The single-track “Global Mechanism” was agreed upon with relative ease after no delegation broke consensus on the third draft presented by the chair as a compromise package. The swift decision reached in the morning of July 11 stood in sharp contrast to several years of last-minute suspense preceding each interim report, created by Iran and Russia’s insistence that their views be featured more prominently.

At first glance, multilateralism defied the odds on the cybersecurity issue amid a challenging geopolitical situation. The surprise agreement recalled a similar moment less than a year ago, in which the Ad Hoc Committee successfully negotiated the first UN cybercrime convention.

Consensus agreements, though, come at a price. The underlying friction, caused by two competing proposals—the Programme of Action, led by France, and Russia’s call for a binding cybersecurity treaty—was largely left unresolved. The official name of the permanent mechanism is the “Global Mechanism on developments in the field of ICTs in the context of international security and advancing responsible State behaviour in the use of ICTs”—a mouthful even for senior diplomats. Similarly, the UN Convention against Cybercrime has an addition to its name: “strengthening international cooperation for combating certain crimes committed by means of ICT systems and for the sharing of evidence in electronic form of serious crime.” These verbose titles are not accidental. Today, consensus-based decision-making at the UN arises not from a shared vision or reasonable compromise but, rather, from the accommodation of opposing views—often reflected in lengthy titles—that make the implementation of agreed commitments difficult, if not impossible.

The Global Mechanism

The Global Mechanism will assume the mandate to negotiate and advance the framework of responsible state behavior in cyberspace, addressing cyber norms, application of international law in cyberspace, confidence-building measures, and capacity building, with a few important changes. The process will be organized around a plenary substantive session and dedicated thematic groups, each taking place for five days per year.

This is a considerable contraction from the previously agreed-upon three weeks of OEWG sessions. States have been calling for less negotiating time and more hybrid formats for several years; engaging in extensive discussions in New York is a burden to limited budgets and already stretched subject matter negotiators, especially for developing countries. While the plenary session appears to be a repeat of the OEWG formula—a seemingly interminable string of member-state statements on each of the core pillars, with little opportunity for real debate—the informal and hybrid thematic group format may allow for more engagement, greater participation, and more action-oriented results.

However, the two agreed-upon, broadly scoped working groups are hardly conducive to thorough deliberation of the many issues on the Global Mechanism’s agenda—and it is unclear how they will inform the plenary discussions or lead to meaningful deliverables. Initially, several Western countries proposed crosscutting topics in the thematic groups to better fit the dynamic nature of cyber threats. The French took an early lead on this issue, requesting groups focused on building resilience of cyber ecosystems and critical infrastructure, cooperating in the management of ICT-related incidents, and preventing conflict and increasing stability in cyberspace to provide concrete recommendations for states. In the end, only two working groups were agreed to—the first a somewhat amorphous amalgamation of all the issues, and the second focused on capacity building.
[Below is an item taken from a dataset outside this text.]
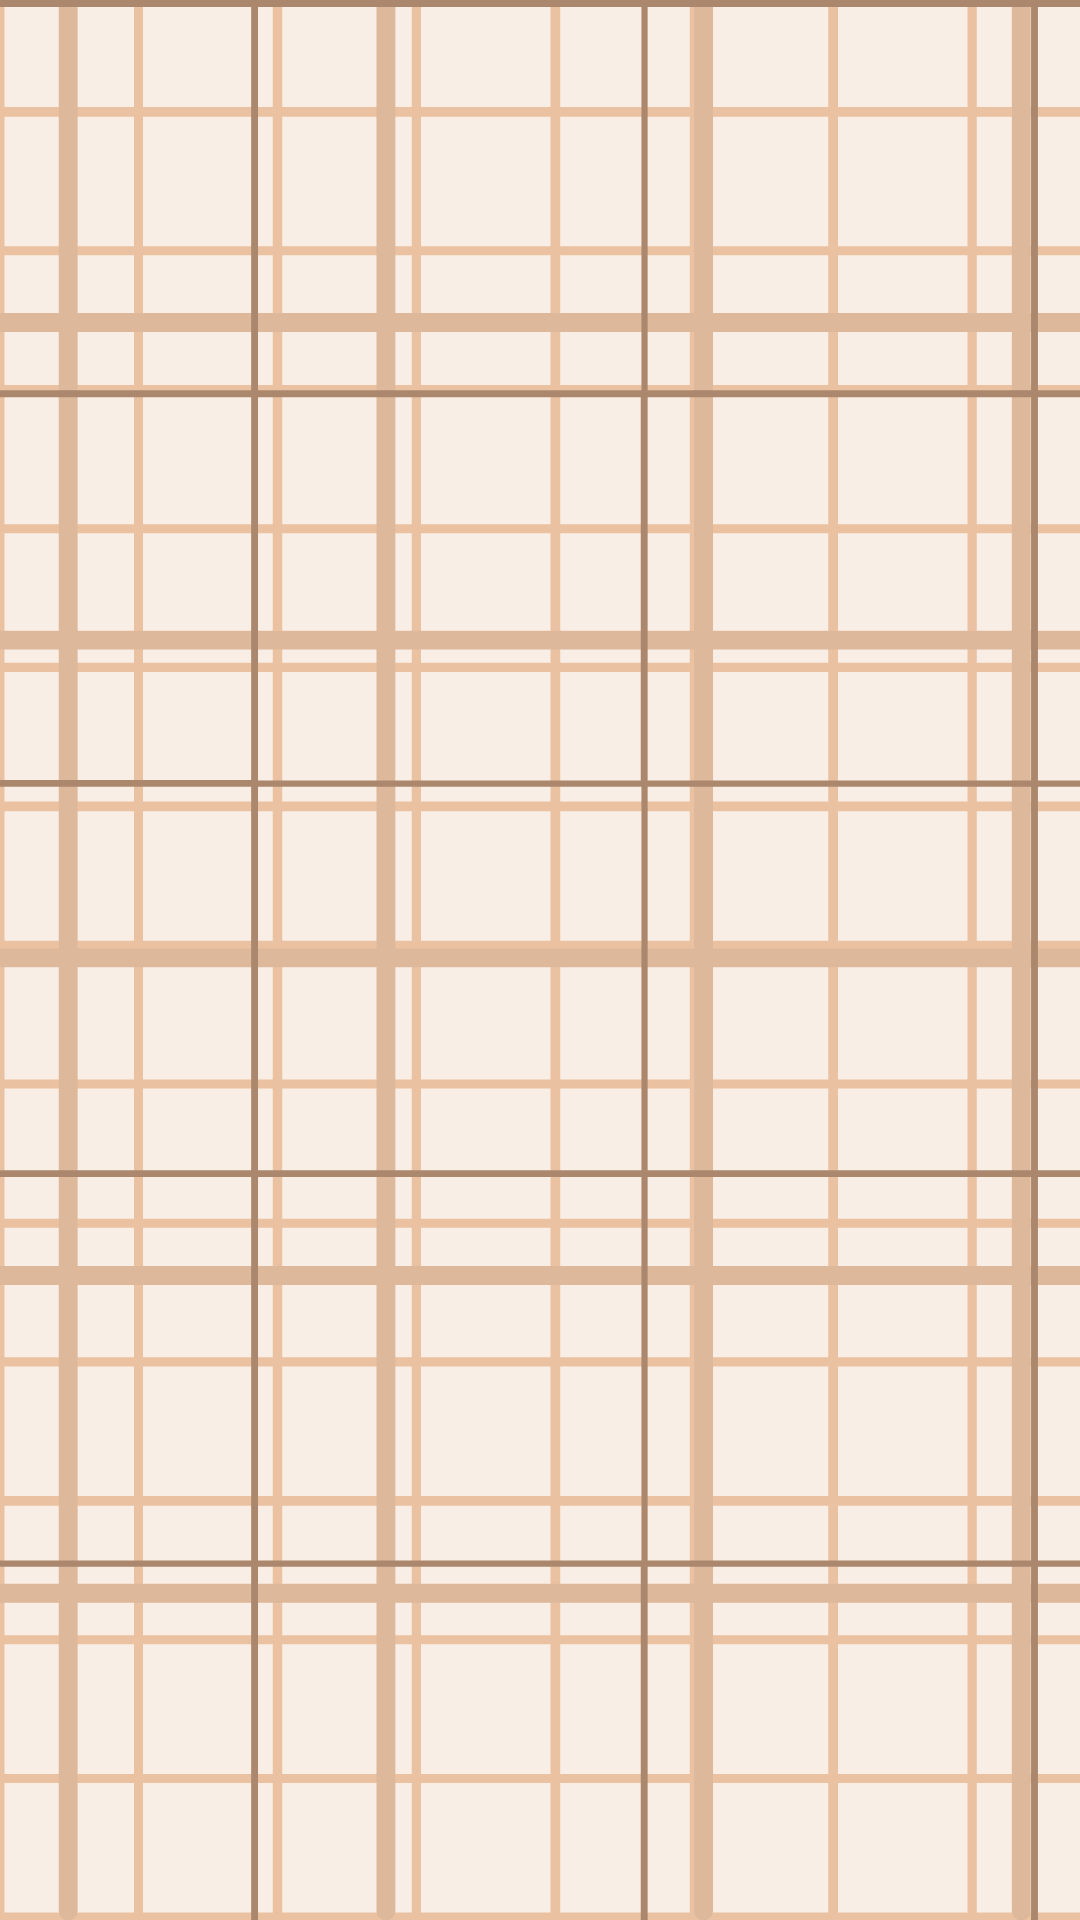 A tan and white checkered pattern - Grid
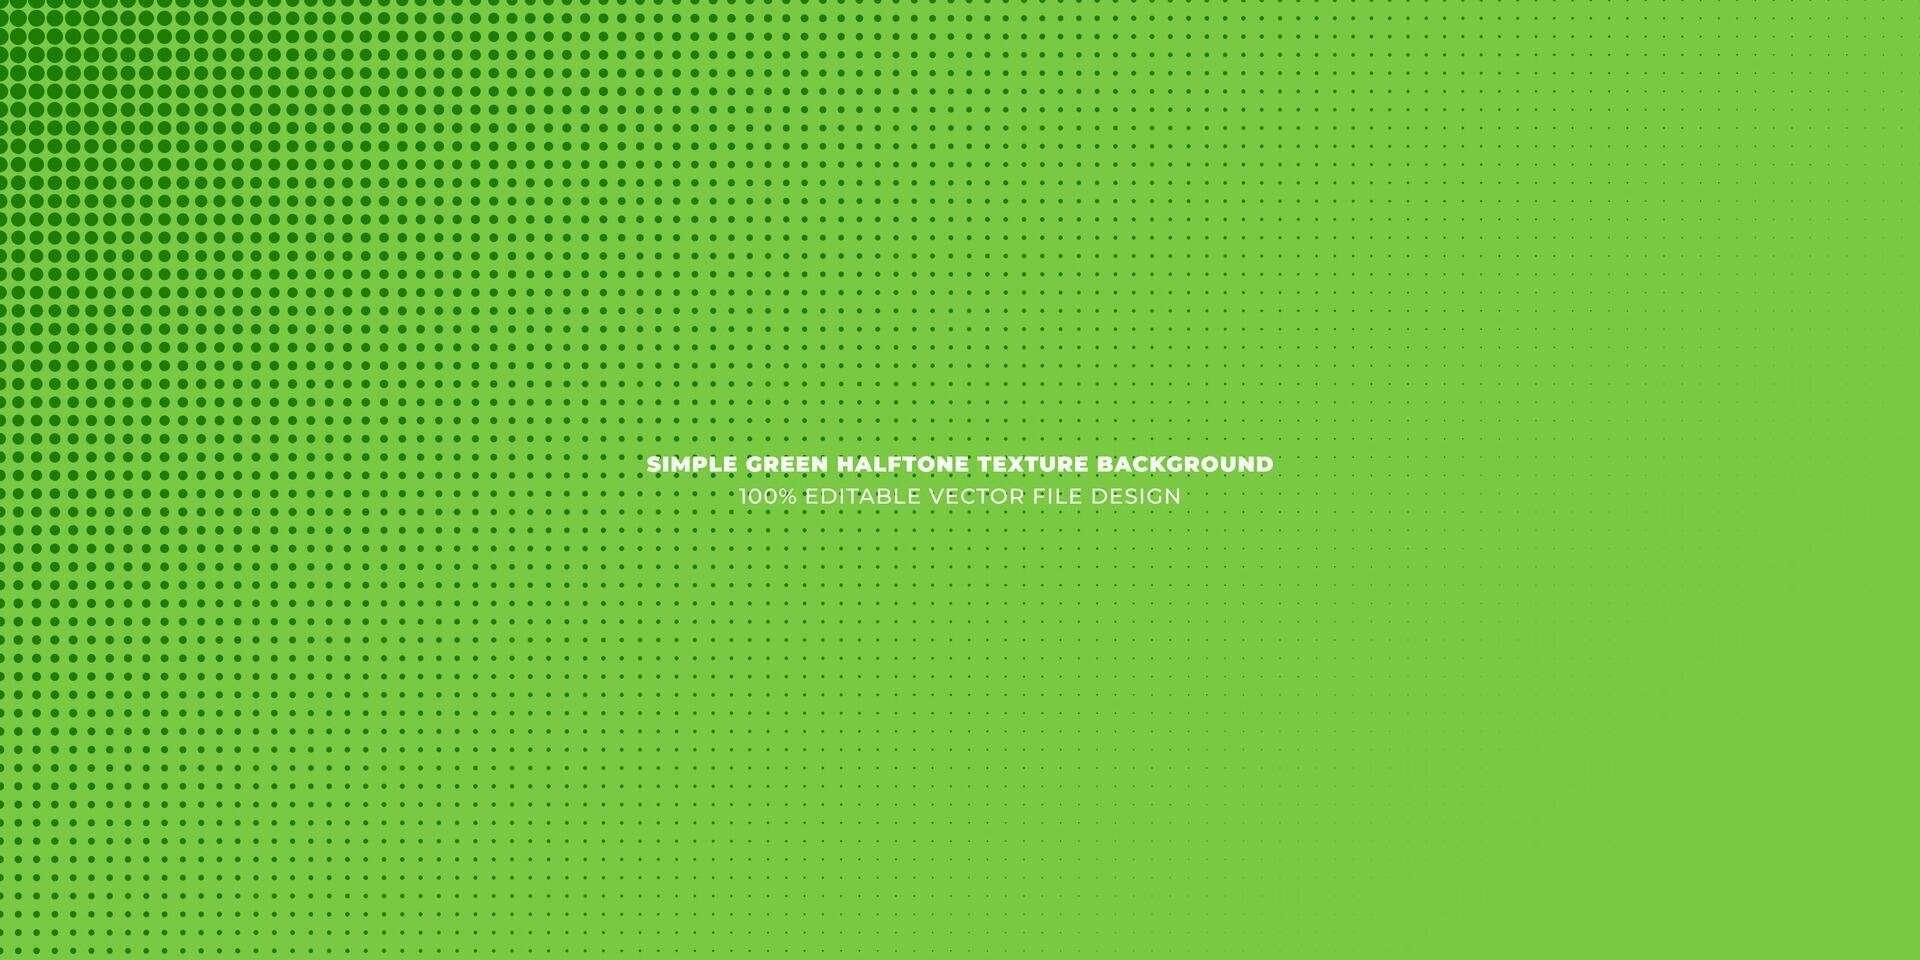 Simple Green Abstract Horizontal Background With Delicate Halftone Vector Texture

A key attribute of the Global Mechanism is that, like the OEWG, it is a consensus-based undertaking in terms of both process and substance. This is not surprising since neither the Western like-minded states nor the Russia and China-aligned countries want to risk a vote that they may lose. Nevertheless, the stark divisions between the two camps that previously locked the OEWG in stagnation will continue to hamper any tangible progress on core elements—voluntary nonbinding norms and international law—in the new mechanism, as long as consensus is the only principle used to make decisions. This is a recipe for failure that hands a strategic victory to Russia, China, and their ilk.

Norms and International Law

While UN member states agreed on the norms of responsible state behavior and the applicability of international law in cyberspace as early as 2015, progress on these issues has been sporadic and has even regressed in some respects. The adequacy of existing cyber norms was challenged by a small group of countries led by Russia, and supported by Belarus, Iran, Nicaragua, Venezuela, Cuba, and a few others. The same countries blocked the chair’s checklist on cyber norms, which others viewed as a welcome step in advancing practical implementation. Instead, Russia has argued that the UN should start a new negotiation on legally binding commitments, as opposed to the current politically binding norms, and proposed draft text for a new convention.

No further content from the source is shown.